The cutters do have a goofy angle to them though. They also get hung up in the Granberg on the starter side. They catch on the side of it.
The teeth looked poorly manufactured. Some warped and almost looking like missing a chunk.
Supposed to take a 7/32 file to sharpen and it won't fit first sharpen between the raker and tooth. So you start them with a 13/64ths.
Just little quirks ... and I have a thing about quirks.
It just seemed to me that the quality of the product was what turned me off. That and needing a file size out in the woods that I did not have at the ready after I had hiked in quite a ways.
 
Another thing ! I have one chain that for reasons unknown blowed the heel off of several cutters on the cut side .Usually they blow off the other side if at all .I didn't hit anything I knew of like a rock or iron .

They cut okay until the first time I filed them .Now damn it I know how to file a chain but evidently not that chain .
 
Took some pictures of a 16" B&C combo I bought 4 of.
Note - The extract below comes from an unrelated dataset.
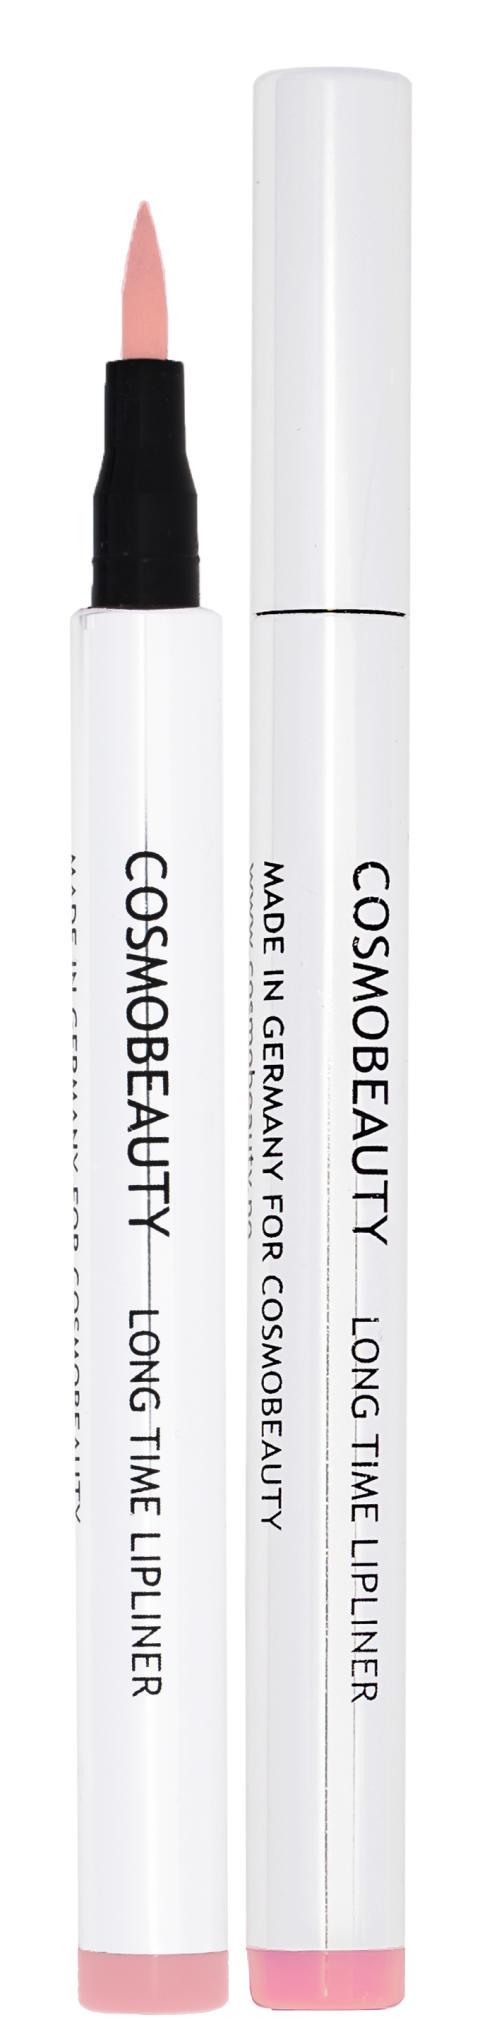 Cosmobeauty Long Time Lipliner 08

Try em out sorta thing. I will correct myself on my earlier post. I ended up needing to start the chain with a 13/64th round file before setting a 7/32nds after about 3 touch ups. That or file the cutting teeth back.
The bar I have on the 026 is holding up fine. I brush, thin and use this saw at the chipper. The bar and chain will take a beating in those environments in my world. You can see in the pics what I meant about the teeth are a tad rough cast. Whose chain is marked C1? Woodland Pro is marked A1 as I recall and it is re-badged Carlton?
 

Attachments

  • PC170004.jpg
    PC170004.jpg
    90.4 KB · Views: 6
  • PC170005.jpg
    PC170005.jpg
    91.4 KB · Views: 6
  • PC170006.jpg
    PC170006.jpg
    38.1 KB · Views: 8
  • PC170007.jpg
    PC170007.jpg
    44.8 KB · Views: 8
  • PC170009.jpg
    PC170009.jpg
    75 KB · Views: 8
I just put a new 20" forester replaceable tip that looks just like a oregon powermatch copy on a partner 550. This guy is rough on saws and equipment and just a heavy firewood cutter year round.
This should tell me something about the bars from heavy use when it comes in for repairs etc.